The software system of the electronic device 100 may employ a layered architecture, an event-driven architecture, a micro-core architecture, a micro-service architecture, or a cloud architecture. The embodiment of the present application takes an Android system with a layered architecture as an example, and exemplarily illustrates a software structure of the electronic device 100.
Fig. 8 is a block diagram of a software configuration of an electronic device according to an embodiment of the present application. The layered architecture divides the software into several layers, each layer having a clear role and division of labor. The layers communicate with each other through a software interface. In some embodiments, the Android system is divided into four layers, an application layer, an application framework layer, an Android runtime (Android runtime) and system library, and a kernel layer from top to bottom. The application layer may include a series of application packages.
As shown in fig. 8, the application package may include applications such as camera, gallery, calendar, phone call, map, navigation, WLAN, bluetooth, music, video, short message, etc.

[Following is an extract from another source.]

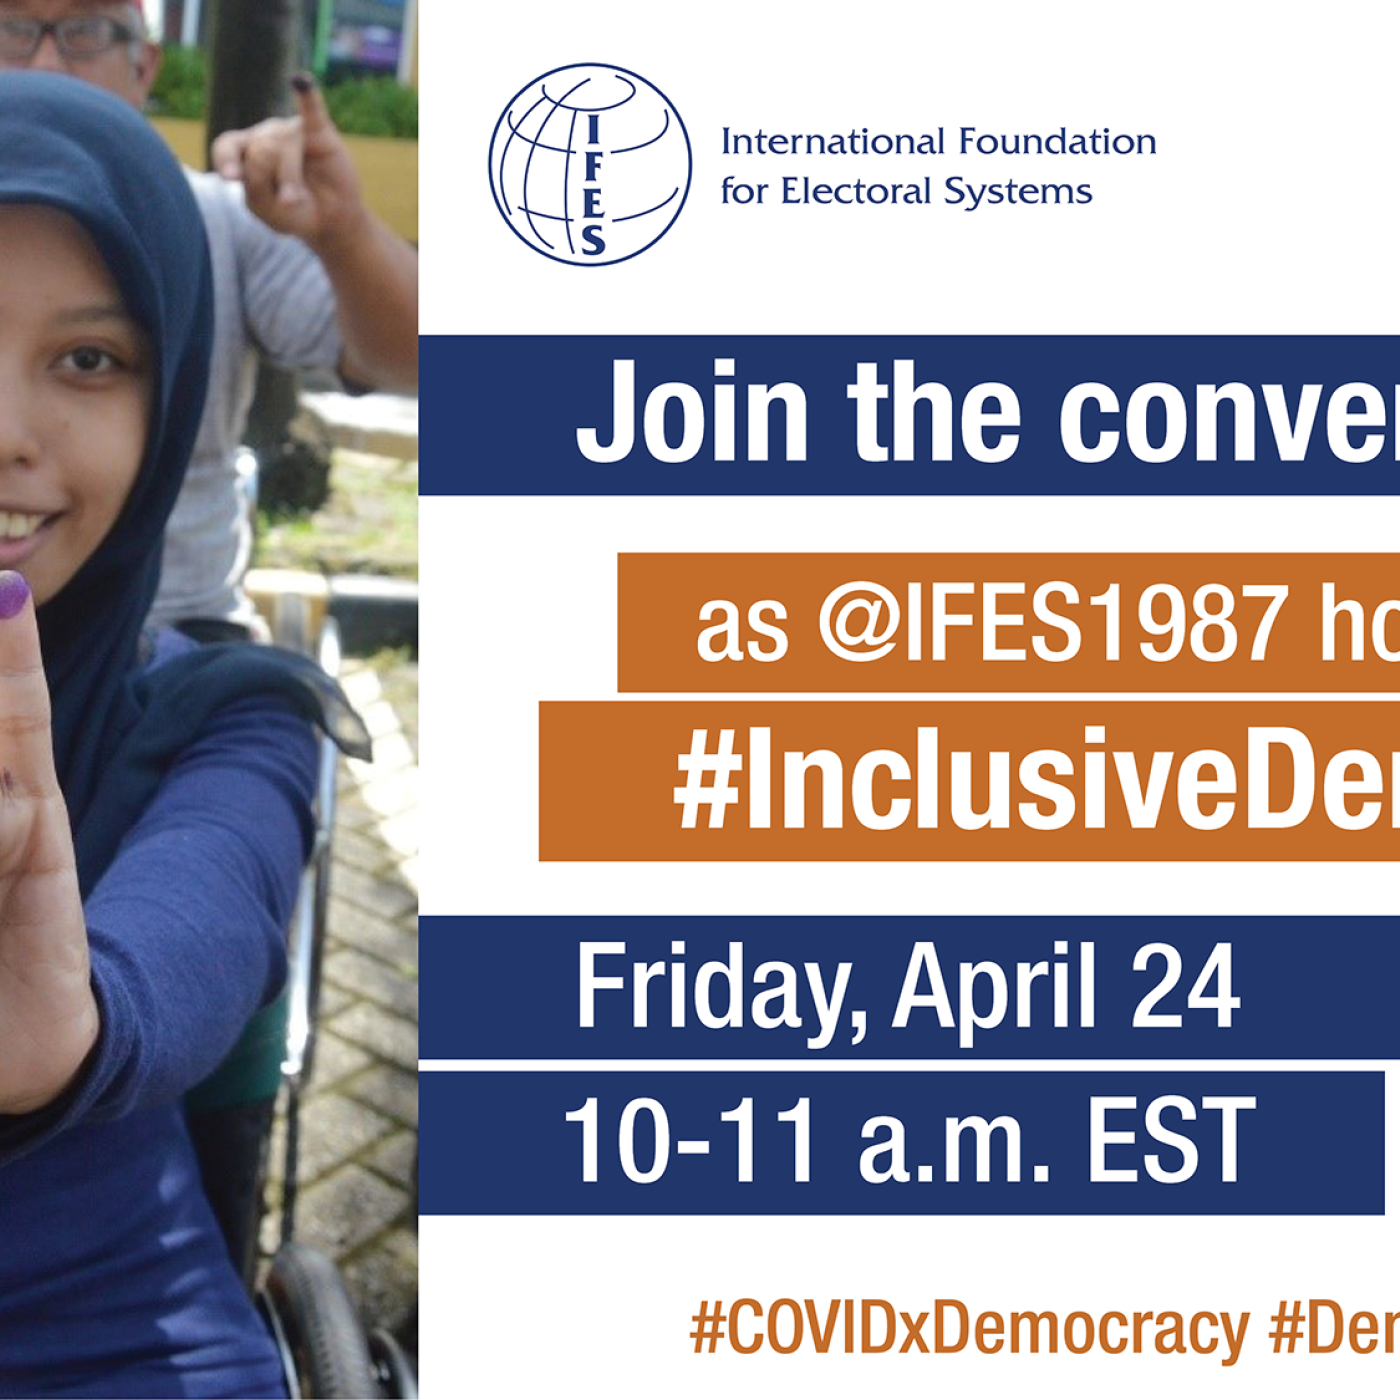 Join the conversation as @IFES1987 hosts an @InclusiveDemTalk | Friday, April 24 10-11 a.m. EST | #COVIDxDemocracy #DemocracyIs

The application framework layer provides an Application Programming Interface (API) and a programming framework for the application program of the application layer. The application framework layer includes a number of predefined functions.
As shown in FIG. 8, the application framework layers may include a window manager, content provider, view system, phone manager, resource manager, notification manager, and the like.

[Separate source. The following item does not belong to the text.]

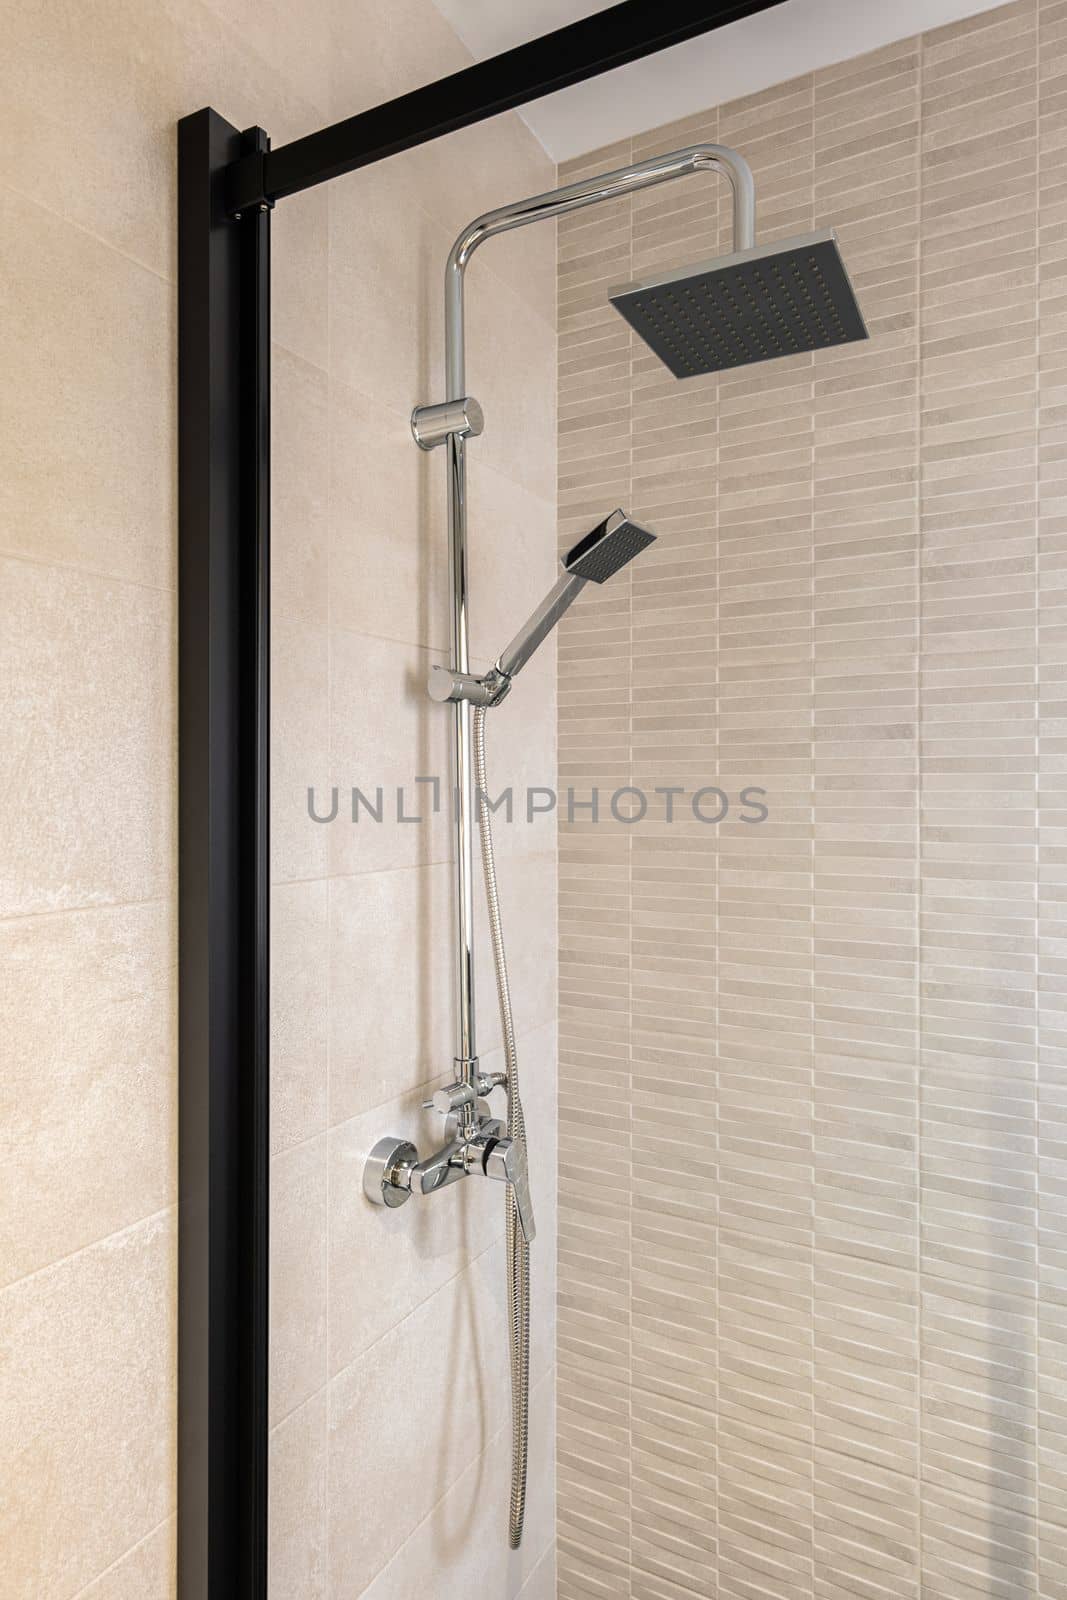 Modern shower zone with black rain head and hand held shower. Beige tiles in the bathroom

The window manager is used for managing window programs. The window manager can obtain the size of the display screen, judge whether a status bar exists, lock the screen, intercept the screen and the like.

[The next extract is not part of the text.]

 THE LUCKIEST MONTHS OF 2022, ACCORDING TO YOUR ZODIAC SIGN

The content provider is used to store and retrieve data and make it accessible to applications. The data may include video, images, audio, calls made and received, browsing history and bookmarks, phone books, etc.
The view system includes visual controls such as controls to display text, controls to display pictures, and the like. The view system may be used to build applications. The display interface may be composed of one or more views. For example, the display interface including the sms notification icon may include a view displaying text and a view displaying pictures, such as a UI interface displaying a deep learning model of user drill-through graphics in the application layout designer.
The phone manager is used to provide communication functions for the electronic device 100. Such as management of call status (including on, off, etc.).
The resource manager provides various resources for the application, such as localized strings, icons, pictures, layout files, video files, and the like.
The notification manager enables the application to display notification information in the status bar, can be used to convey notification-type messages, can disappear automatically after a short dwell, and does not require user interaction. Such as a notification manager used to inform download completion, message alerts, etc. The notification manager may also be a notification that appears in the form of a chart or scroll bar text at the top status bar of the system, such as a notification of a background running application, or a notification that appears on the screen in the form of a dialog window. For example, prompting text information in the status bar, sounding a prompt tone, vibrating the electronic device, flashing an indicator light, etc.
The Android Runtime comprises a core library and a virtual machine. The Android runtime is responsible for scheduling and managing an Android system.
The core library comprises two parts: one part is a function which needs to be called by java language, and the other part is a core library of android.
The application layer and the application framework layer run in a virtual machine. And executing java files of the application program layer and the application program framework layer into a binary file by the virtual machine. The virtual machine is used for performing the functions of object life cycle management, stack management, thread management, safety and exception management, garbage collection and the like.
The system library may include a plurality of functional modules. For example: surface managers (surface managers), Media Libraries (Media Libraries), three-dimensional graphics processing Libraries (e.g., OpenGL ES), 2D graphics engines (e.g., SGL), and the like.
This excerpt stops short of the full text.